Tencent's Hy3 AI model boosts coding skill 40% to rival Claude

Tencent Holdings Ltd. released its most capable large language model yet, with benchmark scores showing a 40% generational improvement in coding that puts the model in direct competition with rivals from Anthropic and Google at a fraction of the cost.

"The model was built to balance three things: capability breadth, honest evaluation, and cost-efficiency," Tencent said in a statement accompanying the release. The company open-sourced the model weights and is offering API access on its cloud platform.

The new model, Hy3 preview, is a 295 billion-parameter Mixture-of-Experts (MoE) system that keeps only 21 billion parameters active during inference. On the SWE-bench Verified coding test, which evaluates a model’s ability to fix real-world bugs from GitHub, Hy3 scored 74.4%, a dramatic jump from the 53.0% achieved by its predecessor. This places it ahead of competitors like GLM-5 (77.8%) and Kimi-K2.5 (76.8%) and within striking distance of Anthropic's Claude Opus 4.6 (80.8%).

The release marks a strategic pivot for Tencent toward commercially viable AI, with the model’s pricing and architecture designed for large-scale deployment. Citigroup analysts, who maintained their Buy rating and HK$783 price target on Tencent, called the model's focus on balancing quality, speed, and cost the "correct strategic direction" for enterprise adoption. The pricing, at approximately $0.18 per million input tokens, is roughly 90% cheaper than comparable GPT-4-class models.
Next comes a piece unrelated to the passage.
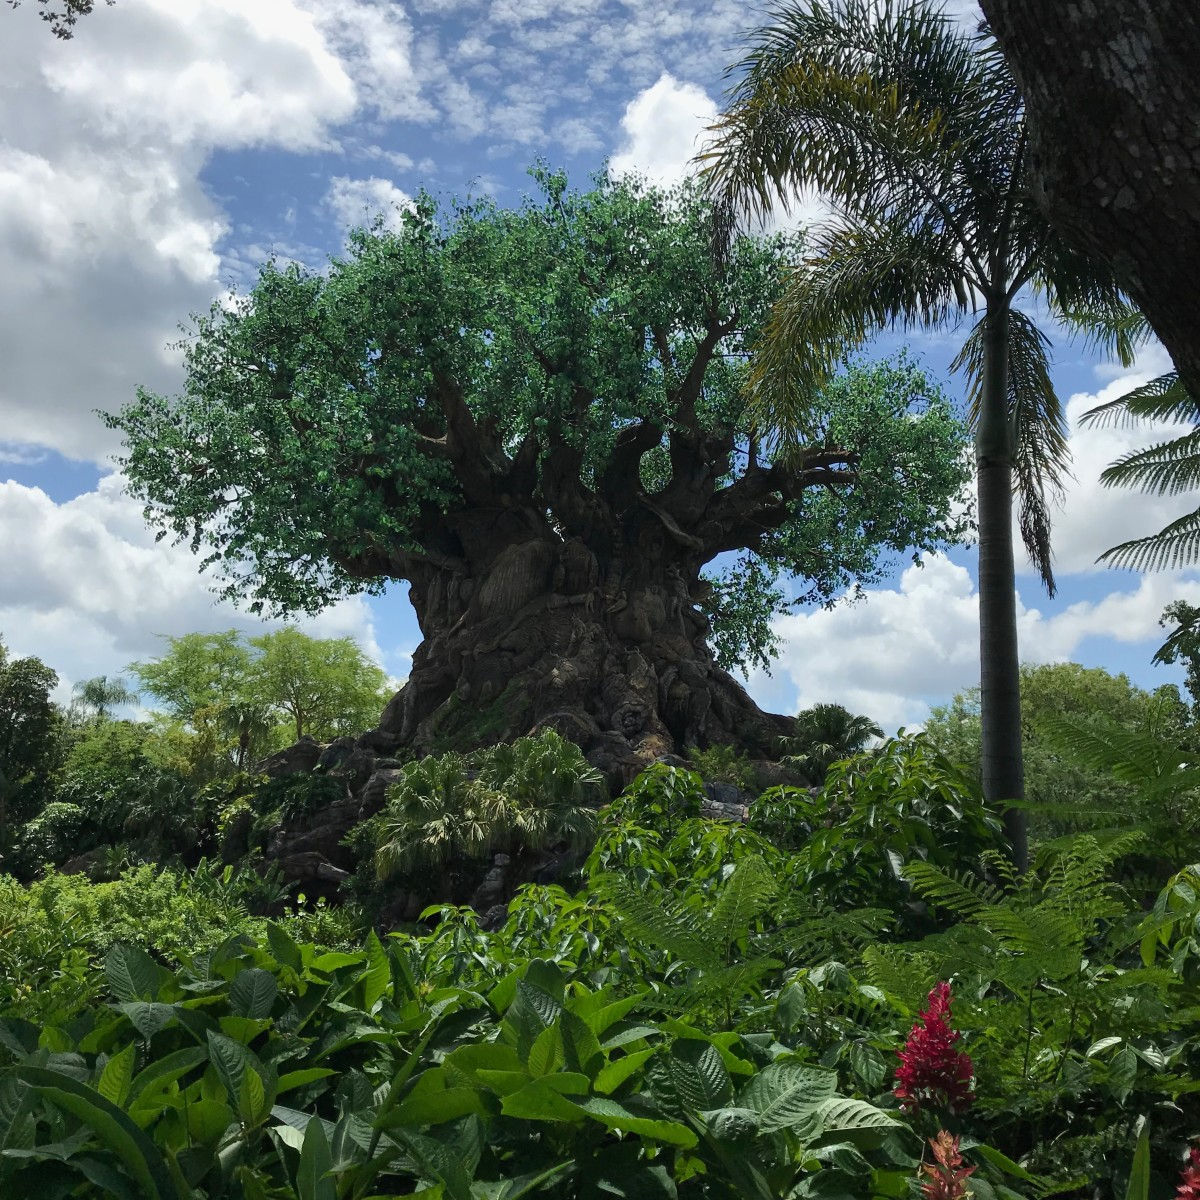 The Tree of Life centerpiece of Animal Kingdom.
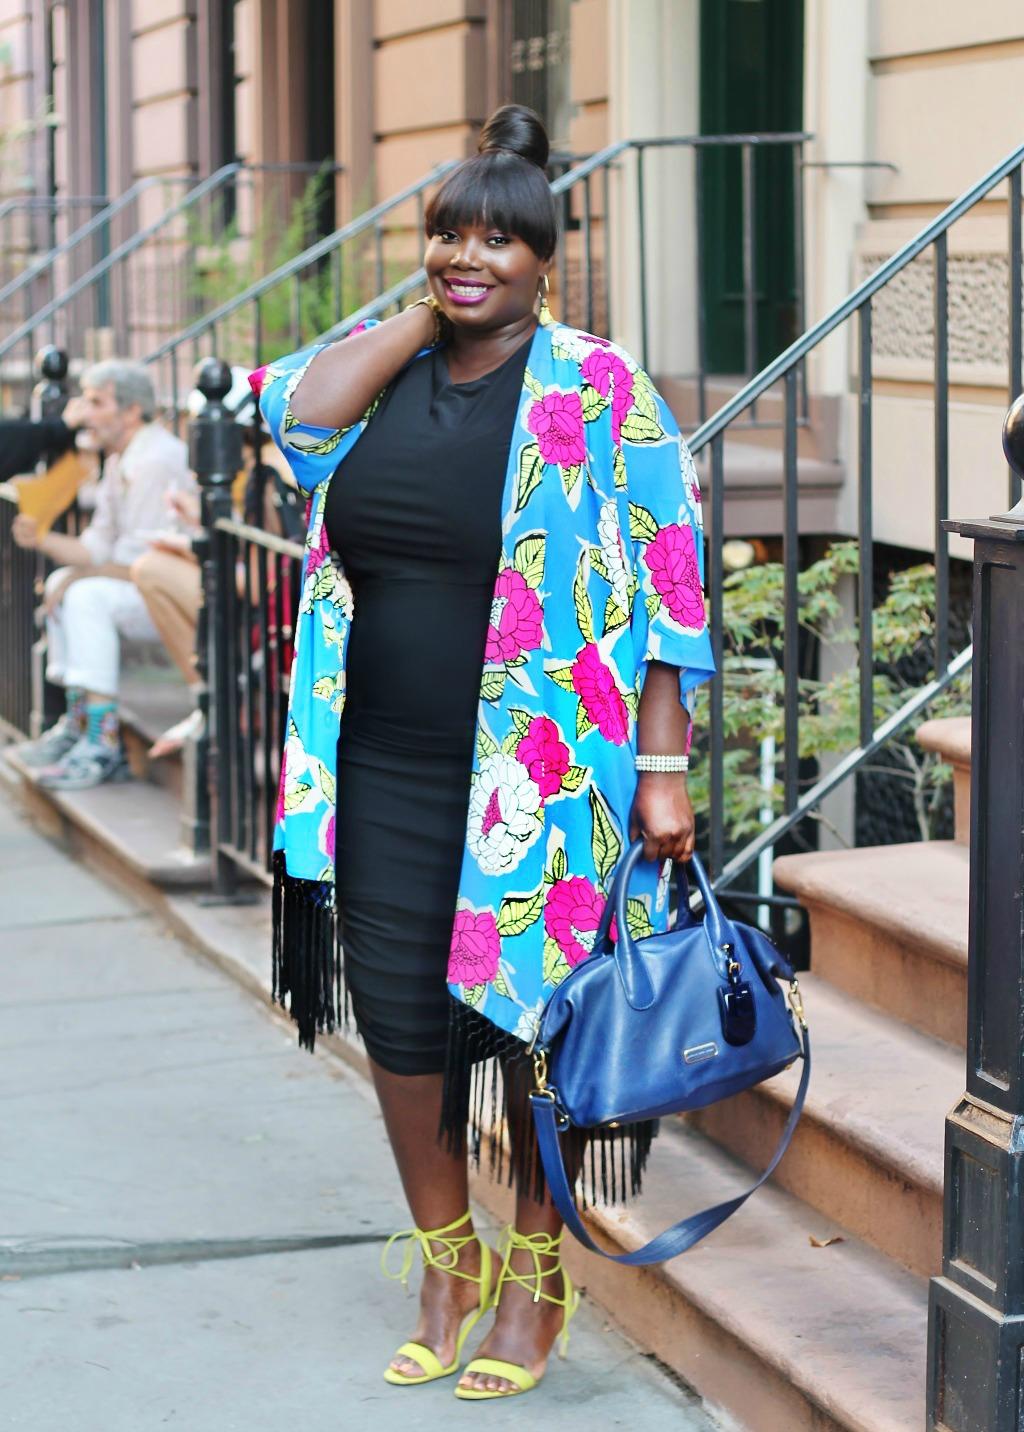 alissa-stylish-curves-in-melissa-mccarthy-kimono-for-new-york-fashion-week

A Focus on Commercial Viability

Tencent is explicitly targeting the enterprise market by co-designing the model and its inference framework to prevent capability gains from pricing the model out of mass deployment. The MoE architecture, which routes queries to specialized sub-networks, is key to this strategy, significantly lowering compute costs per query. The company noted that its previous flagship model had over 400 billion parameters, a number it deliberately walked back to find an optimal balance between reasoning maturity and cost.

The model is already integrated into more than ten of Tencent’s own products, including Yuanbao, QQ, and Tencent Docs. Within internal applications like CodeBuddy and WorkBuddy, the company reported first-token latency dropped 54% and end-to-end generation time fell 47%, demonstrating the model's stability in production environments for complex agent workflows.

Infrastructure Overhaul Enables Speed

The Hy3 preview model went from a cold start to an open-source release in under three months, a timeline Tencent attributes to a complete overhaul of its pre-training and reinforcement learning stack in February. Led by Chief AI Scientist Yao Shunyu, the rebuild was guided by a principle of integrating the model development loop directly with product teams to shape training priorities with live metrics.

This tight integration of model and product gives Tencent a data flywheel that few competitors can match, allowing the company to convert real-world user interaction into rapid model improvements. While Hy3 still trails the absolute frontier models from OpenAI and Google DeepMind on some benchmarks, its performance-per-cost ratio makes it a formidable new entrant in the AI infrastructure race.

This article is for informational purposes only and does not constitute investment advice.